Start of Block

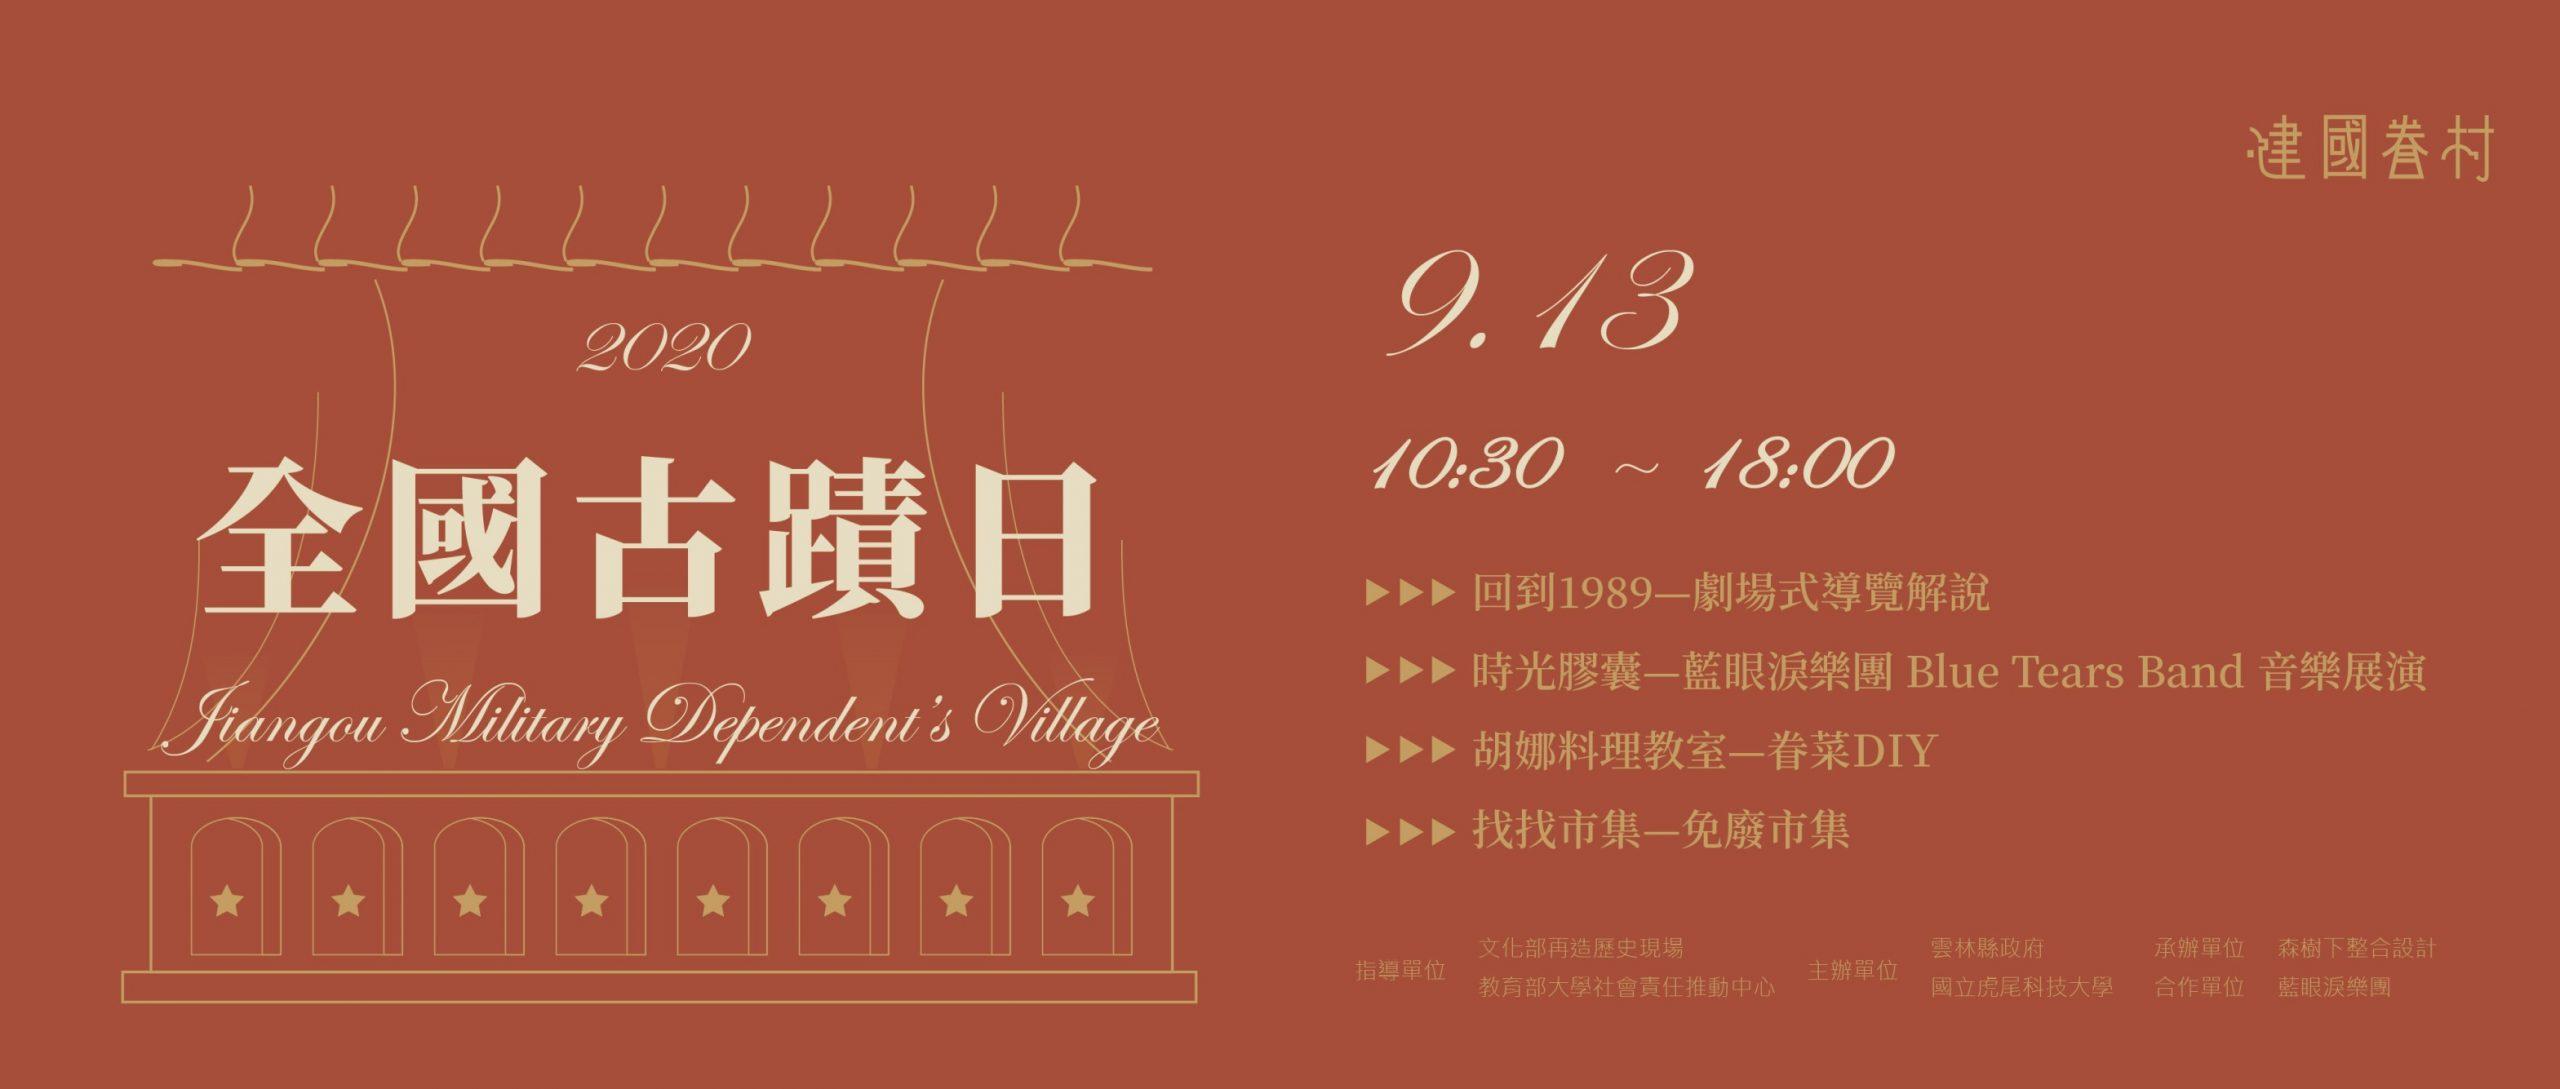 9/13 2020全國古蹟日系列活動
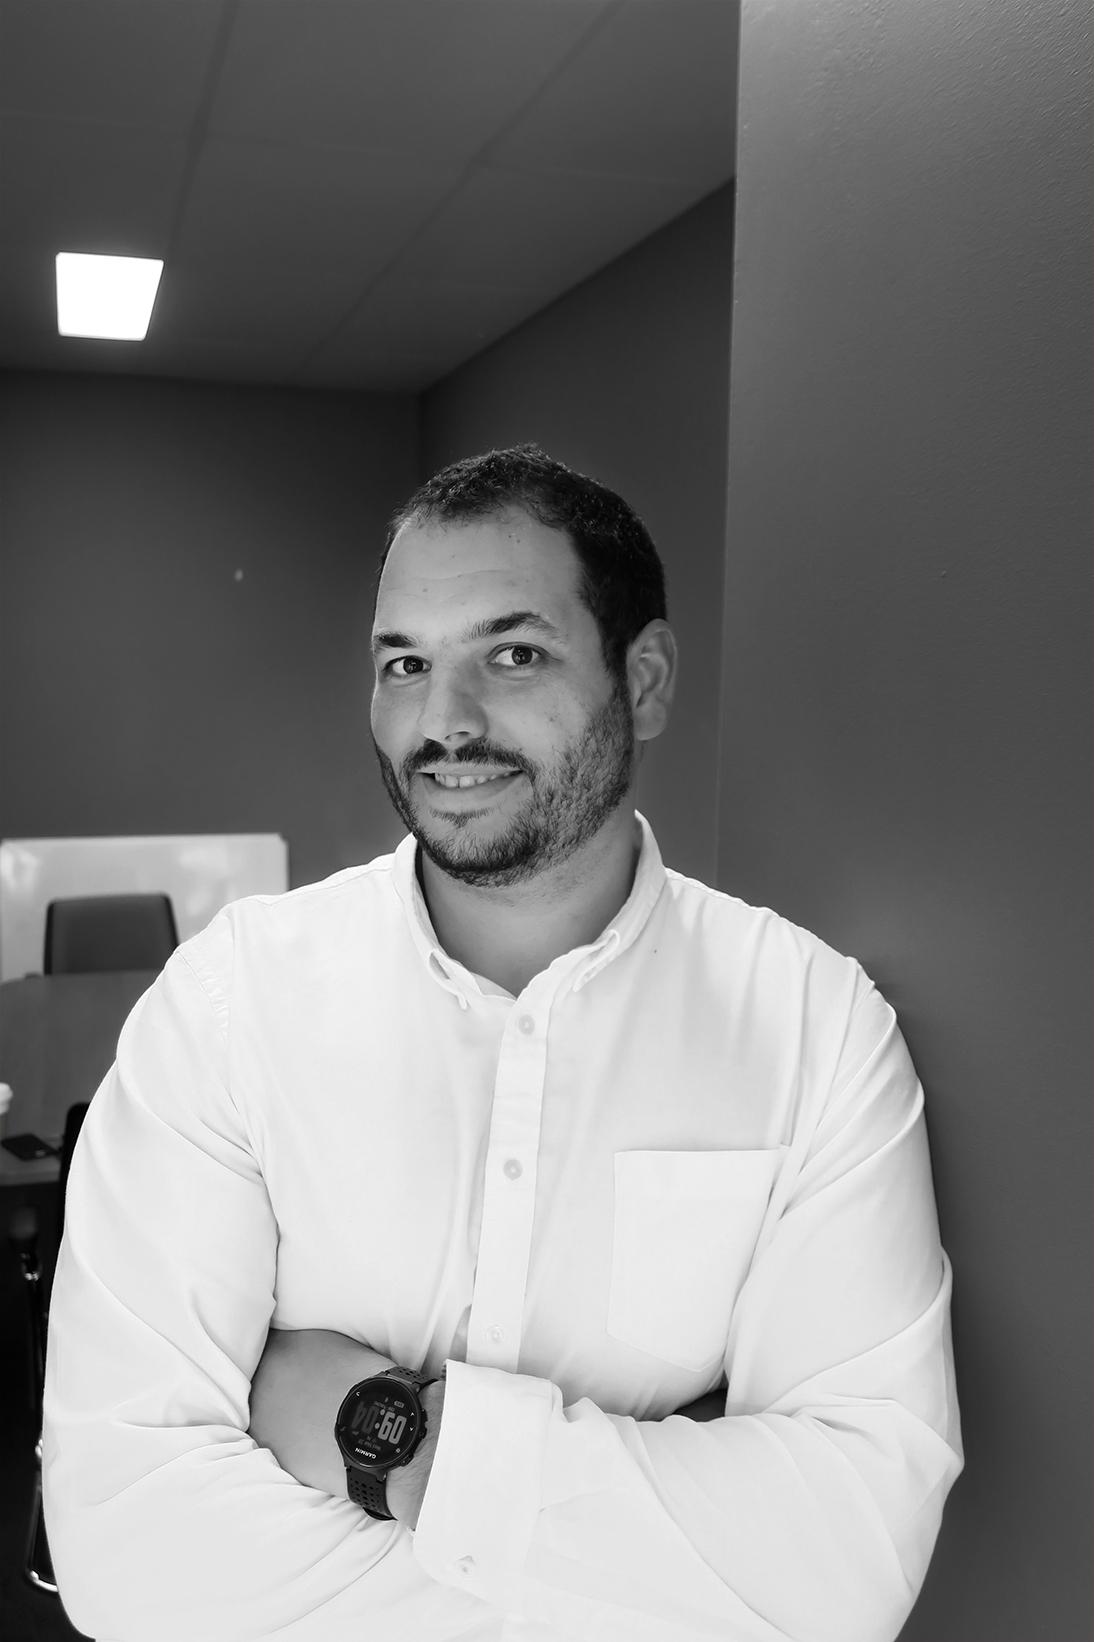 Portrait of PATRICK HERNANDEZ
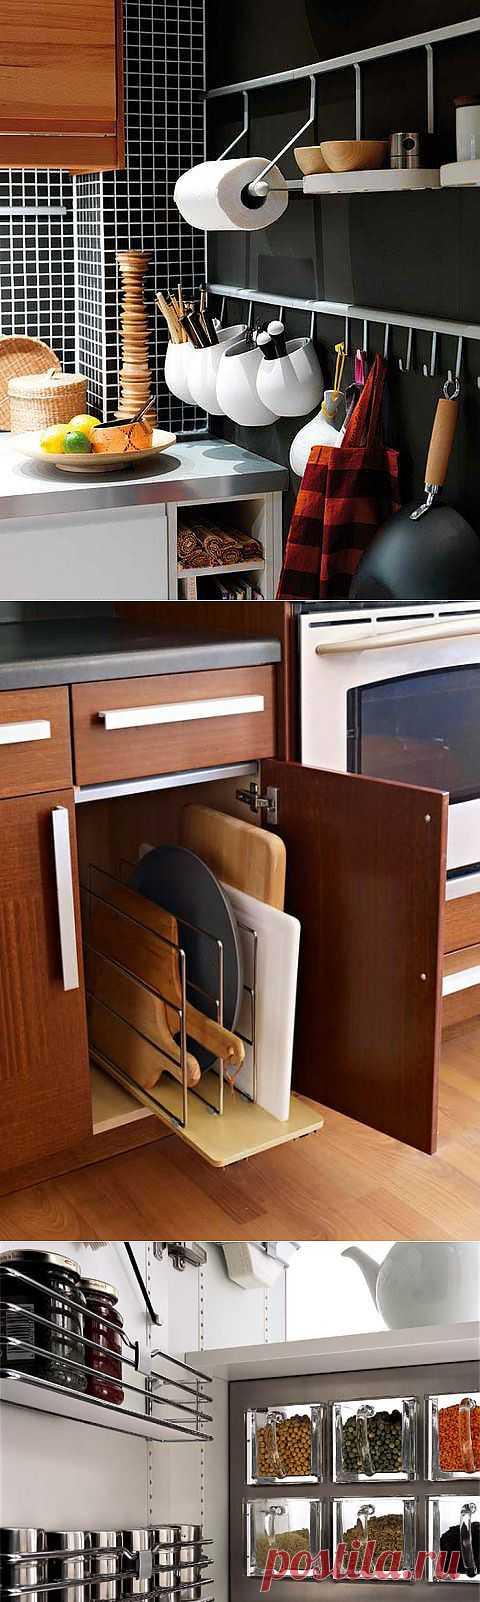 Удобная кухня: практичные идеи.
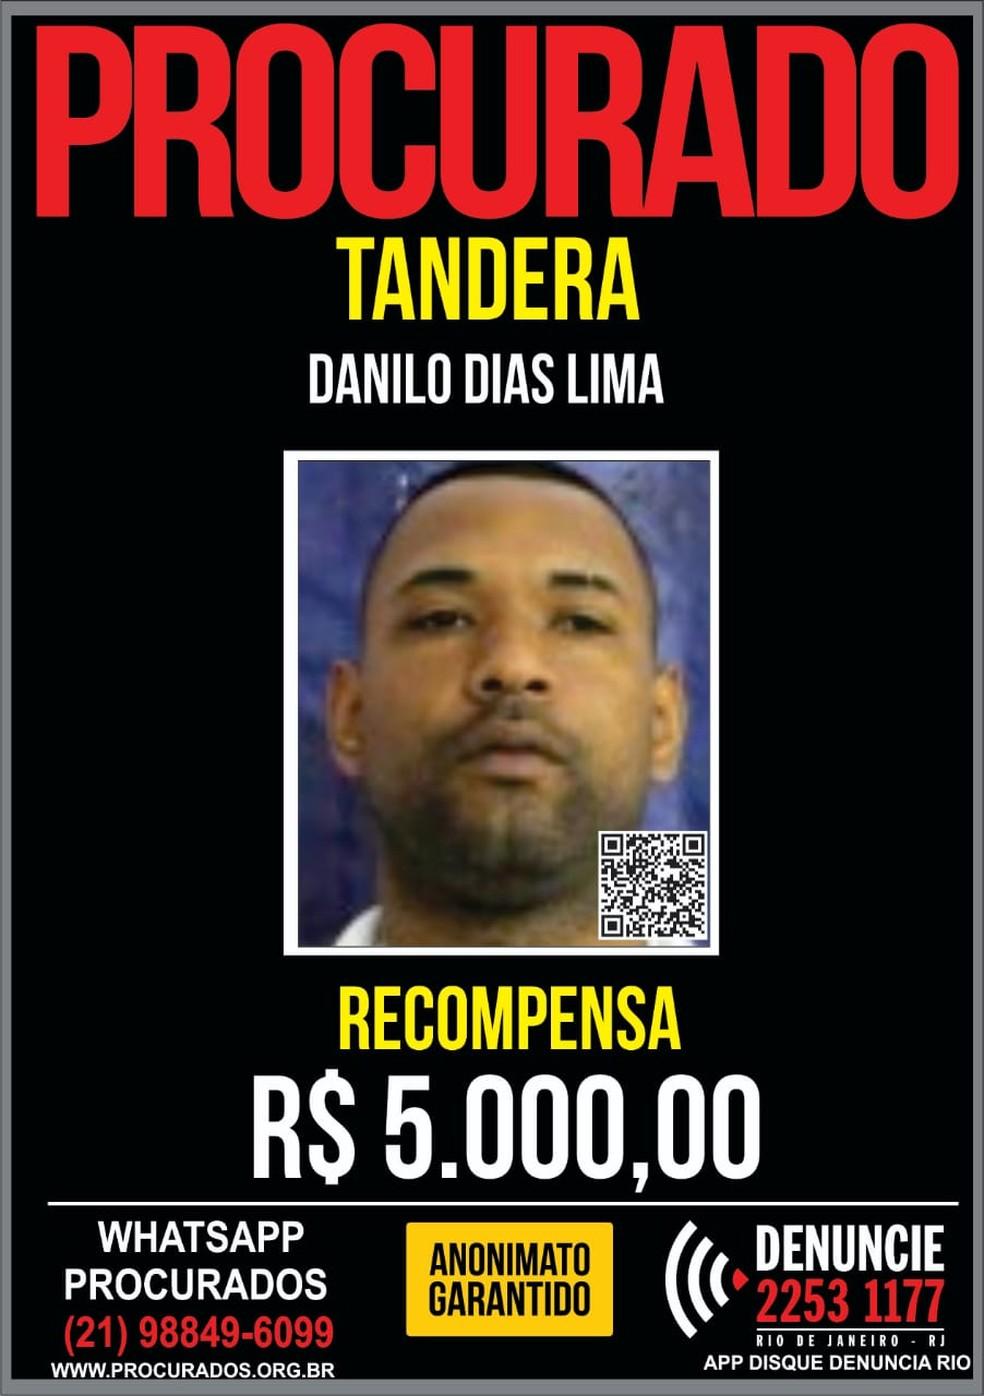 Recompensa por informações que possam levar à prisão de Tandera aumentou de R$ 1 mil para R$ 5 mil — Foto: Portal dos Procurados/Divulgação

End of Block

*Exercise directions*
An exact reproduction of the data is needed, with no pictures included.

*The completed task*
 9/13 2020全國古蹟日系列活動
 Portrait of PATRICK HERNANDEZ
 Удобная кухня: практичные идеи.
 Recompensa por informações que possam levar à prisão de Tandera aumentou de R$ 1 mil para R$ 5 mil — Foto: Portal dos Procurados/Divulgação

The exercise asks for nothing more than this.